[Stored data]
━━━━

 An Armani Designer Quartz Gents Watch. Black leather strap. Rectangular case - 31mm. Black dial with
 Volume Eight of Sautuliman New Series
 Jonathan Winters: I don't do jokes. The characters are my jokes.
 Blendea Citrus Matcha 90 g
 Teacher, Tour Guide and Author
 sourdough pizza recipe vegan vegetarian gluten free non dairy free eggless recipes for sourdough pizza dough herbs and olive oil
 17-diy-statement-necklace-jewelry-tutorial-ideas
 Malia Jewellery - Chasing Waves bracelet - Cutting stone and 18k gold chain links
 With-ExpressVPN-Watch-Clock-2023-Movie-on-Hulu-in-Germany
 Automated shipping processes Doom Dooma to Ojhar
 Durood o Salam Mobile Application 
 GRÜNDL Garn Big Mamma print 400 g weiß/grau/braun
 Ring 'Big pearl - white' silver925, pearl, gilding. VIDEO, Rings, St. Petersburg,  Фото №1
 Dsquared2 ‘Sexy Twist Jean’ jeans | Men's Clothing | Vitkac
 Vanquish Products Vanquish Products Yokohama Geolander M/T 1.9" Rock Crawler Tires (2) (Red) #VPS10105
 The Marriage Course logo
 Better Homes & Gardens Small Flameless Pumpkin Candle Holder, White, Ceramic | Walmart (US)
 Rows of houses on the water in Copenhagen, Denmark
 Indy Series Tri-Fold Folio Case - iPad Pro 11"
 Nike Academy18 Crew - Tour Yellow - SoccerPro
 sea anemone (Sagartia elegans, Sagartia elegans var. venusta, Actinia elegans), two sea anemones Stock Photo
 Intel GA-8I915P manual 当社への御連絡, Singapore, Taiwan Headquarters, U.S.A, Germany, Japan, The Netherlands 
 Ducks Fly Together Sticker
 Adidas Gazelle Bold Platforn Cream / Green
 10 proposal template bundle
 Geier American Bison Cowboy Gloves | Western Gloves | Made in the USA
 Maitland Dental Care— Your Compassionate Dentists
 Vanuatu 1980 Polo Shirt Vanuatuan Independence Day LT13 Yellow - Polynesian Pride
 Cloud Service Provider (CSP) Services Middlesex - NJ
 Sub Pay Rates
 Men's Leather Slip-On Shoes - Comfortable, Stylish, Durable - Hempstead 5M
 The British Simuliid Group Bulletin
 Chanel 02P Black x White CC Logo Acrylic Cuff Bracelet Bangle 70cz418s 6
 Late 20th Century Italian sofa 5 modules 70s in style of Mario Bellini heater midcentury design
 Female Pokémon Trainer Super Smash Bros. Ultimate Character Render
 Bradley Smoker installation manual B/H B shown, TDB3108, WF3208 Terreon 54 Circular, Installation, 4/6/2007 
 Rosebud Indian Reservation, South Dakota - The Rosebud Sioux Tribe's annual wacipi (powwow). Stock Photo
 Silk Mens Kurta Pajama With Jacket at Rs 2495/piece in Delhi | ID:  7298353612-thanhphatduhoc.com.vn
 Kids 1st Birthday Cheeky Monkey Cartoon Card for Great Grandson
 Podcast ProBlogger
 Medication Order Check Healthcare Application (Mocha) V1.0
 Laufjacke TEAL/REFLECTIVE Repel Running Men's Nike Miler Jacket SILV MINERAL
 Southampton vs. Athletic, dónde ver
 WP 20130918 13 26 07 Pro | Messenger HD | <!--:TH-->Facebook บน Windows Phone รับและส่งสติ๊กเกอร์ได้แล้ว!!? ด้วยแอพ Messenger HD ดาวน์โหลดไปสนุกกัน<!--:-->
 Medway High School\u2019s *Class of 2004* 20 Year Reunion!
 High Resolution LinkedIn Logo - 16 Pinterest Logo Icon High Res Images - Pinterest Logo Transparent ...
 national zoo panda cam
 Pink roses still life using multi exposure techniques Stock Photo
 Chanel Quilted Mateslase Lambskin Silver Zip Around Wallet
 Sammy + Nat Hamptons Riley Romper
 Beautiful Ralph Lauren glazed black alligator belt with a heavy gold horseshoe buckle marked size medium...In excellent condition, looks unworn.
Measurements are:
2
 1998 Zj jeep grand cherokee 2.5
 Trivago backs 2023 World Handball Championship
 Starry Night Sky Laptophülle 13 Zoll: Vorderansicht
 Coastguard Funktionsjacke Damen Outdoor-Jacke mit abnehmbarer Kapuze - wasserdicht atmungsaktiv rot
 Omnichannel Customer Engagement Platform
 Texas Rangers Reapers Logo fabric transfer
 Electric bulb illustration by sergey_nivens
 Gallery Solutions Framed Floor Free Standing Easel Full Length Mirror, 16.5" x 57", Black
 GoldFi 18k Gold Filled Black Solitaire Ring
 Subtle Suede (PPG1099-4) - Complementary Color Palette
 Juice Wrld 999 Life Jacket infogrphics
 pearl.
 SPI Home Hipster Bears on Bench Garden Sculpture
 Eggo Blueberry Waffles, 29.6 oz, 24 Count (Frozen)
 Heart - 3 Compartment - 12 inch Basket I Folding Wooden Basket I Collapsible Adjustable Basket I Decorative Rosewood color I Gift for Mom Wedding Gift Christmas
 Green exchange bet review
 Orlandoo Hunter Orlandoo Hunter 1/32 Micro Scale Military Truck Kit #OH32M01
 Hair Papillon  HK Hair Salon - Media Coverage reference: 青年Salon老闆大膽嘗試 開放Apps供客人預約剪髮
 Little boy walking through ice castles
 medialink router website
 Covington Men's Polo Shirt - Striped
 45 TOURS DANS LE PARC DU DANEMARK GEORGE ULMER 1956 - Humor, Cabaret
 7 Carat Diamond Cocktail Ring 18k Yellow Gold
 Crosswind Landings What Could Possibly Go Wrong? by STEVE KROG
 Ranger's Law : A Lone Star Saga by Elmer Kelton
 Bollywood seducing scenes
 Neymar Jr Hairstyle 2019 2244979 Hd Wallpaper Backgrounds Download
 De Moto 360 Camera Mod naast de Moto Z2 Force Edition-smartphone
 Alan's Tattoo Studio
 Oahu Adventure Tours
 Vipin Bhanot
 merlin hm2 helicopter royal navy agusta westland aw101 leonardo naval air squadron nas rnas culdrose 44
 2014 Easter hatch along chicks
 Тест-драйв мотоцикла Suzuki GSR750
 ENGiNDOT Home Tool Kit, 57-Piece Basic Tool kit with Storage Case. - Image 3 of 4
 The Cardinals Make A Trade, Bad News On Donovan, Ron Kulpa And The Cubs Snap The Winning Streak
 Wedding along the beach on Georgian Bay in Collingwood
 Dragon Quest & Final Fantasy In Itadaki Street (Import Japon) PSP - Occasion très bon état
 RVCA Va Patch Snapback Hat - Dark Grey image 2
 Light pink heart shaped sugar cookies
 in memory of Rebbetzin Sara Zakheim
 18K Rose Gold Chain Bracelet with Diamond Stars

━━━━

From the first line of the entries above to the line with "Nike Academy18 Crew", please return every line exactly, keeping both ends.

 An Armani Designer Quartz Gents Watch. Black leather strap. Rectangular case - 31mm. Black dial with
 Volume Eight of Sautuliman New Series
 Jonathan Winters: I don't do jokes. The characters are my jokes.
 Blendea Citrus Matcha 90 g
 Teacher, Tour Guide and Author
 sourdough pizza recipe vegan vegetarian gluten free non dairy free eggless recipes for sourdough pizza dough herbs and olive oil
 17-diy-statement-necklace-jewelry-tutorial-ideas
 Malia Jewellery - Chasing Waves bracelet - Cutting stone and 18k gold chain links
 With-ExpressVPN-Watch-Clock-2023-Movie-on-Hulu-in-Germany
 Automated shipping processes Doom Dooma to Ojhar
 Durood o Salam Mobile Application 
 GRÜNDL Garn Big Mamma print 400 g weiß/grau/braun
 Ring 'Big pearl - white' silver925, pearl, gilding. VIDEO, Rings, St. Petersburg,  Фото №1
 Dsquared2 ‘Sexy Twist Jean’ jeans | Men's Clothing | Vitkac
 Vanquish Products Vanquish Products Yokohama Geolander M/T 1.9" Rock Crawler Tires (2) (Red) #VPS10105
 The Marriage Course logo
 Better Homes & Gardens Small Flameless Pumpkin Candle Holder, White, Ceramic | Walmart (US)
 Rows of houses on the water in Copenhagen, Denmark
 Indy Series Tri-Fold Folio Case - iPad Pro 11"
 Nike Academy18 Crew - Tour Yellow - SoccerPro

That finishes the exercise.